(Bloomberg Businessweek) -- In recent weeks, executives from Nestle SA and Unilever—Europe’s biggest food companies—have groused that retailers are squeezing them ever harder on prices, slashing the premiums they’ve grown accustomed to. Their problems just got a lot bigger.
On Monday, J Sainsbury Plc announced it had offered $10 billion for Asda, the British unit of Walmart Inc. Sainsbury said the deal would forge a U.K. supermarket leader that could harness the American retail giant’s purchasing strength to trim prices of essential items by 10 percent.
That promise to consumers escalates a pricing battle that has already emptied store shelves in some countries of popular products like Maggi seasonings, Buitoni frozen pizza, and Marmite spread.

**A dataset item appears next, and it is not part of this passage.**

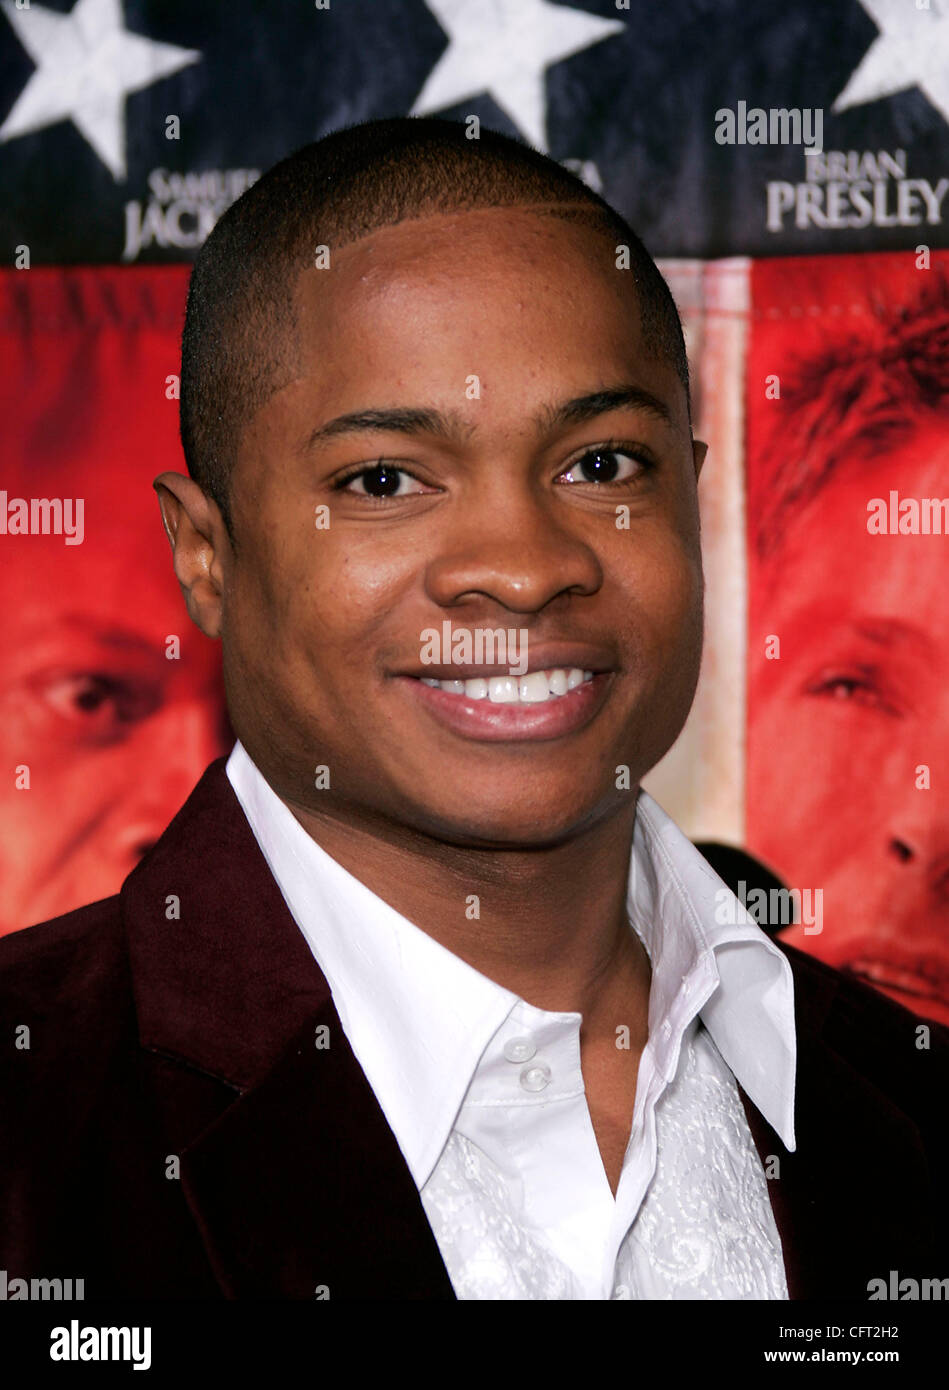 Dec 5, 2006; Beverly Hills, California, USA; Actor SAM JONES III at the 'Home Of The Brave' World Premiere held at the Academy of Motion Pictures & Sciences. Mandatory Credit: Photo by Lisa O'Connor/ZUMA Press. (©) Copyright 2006 by Lisa O'Connor Stock Photo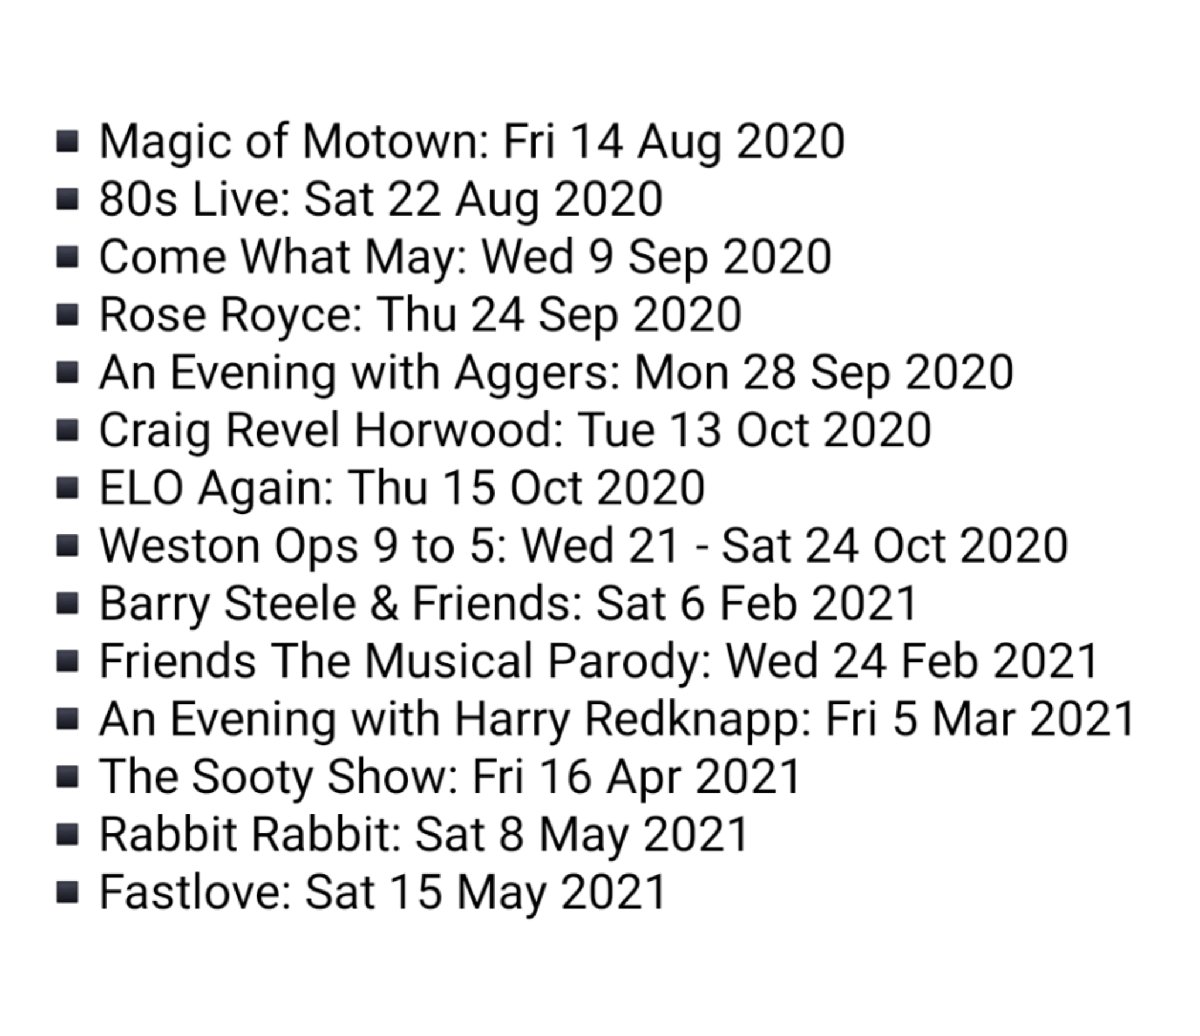 SHOW UPDATES - We can confirm the following shows have been rescheduled to future performance dates. More updates will follow.

Nestle reported a drop in European prices in the first quarter, signaling a return to the deflation it’s had to cope with recently.
“The retail environment in Europe is only going to get more competitive, which likely means tough negotiations” for consumer-goods producers, said Kepler Cheuvreux analyst Jon Cox.
The Sainsbury deal follows a purchasing tie-up in France between grocers Casino Guichard Perrachon SA and Auchan, which prompted rivals Carrefour SA and Systeme U to say last week that they had begun talks on a similar arrangement. U.K. supermarket leader Tesco Plc has acquired wholesaler Booker, which supplies thousands of convenience stores, to extend its reach. Two years ago, Dutch grocer Ahold combined with Belgium’s Delhaize.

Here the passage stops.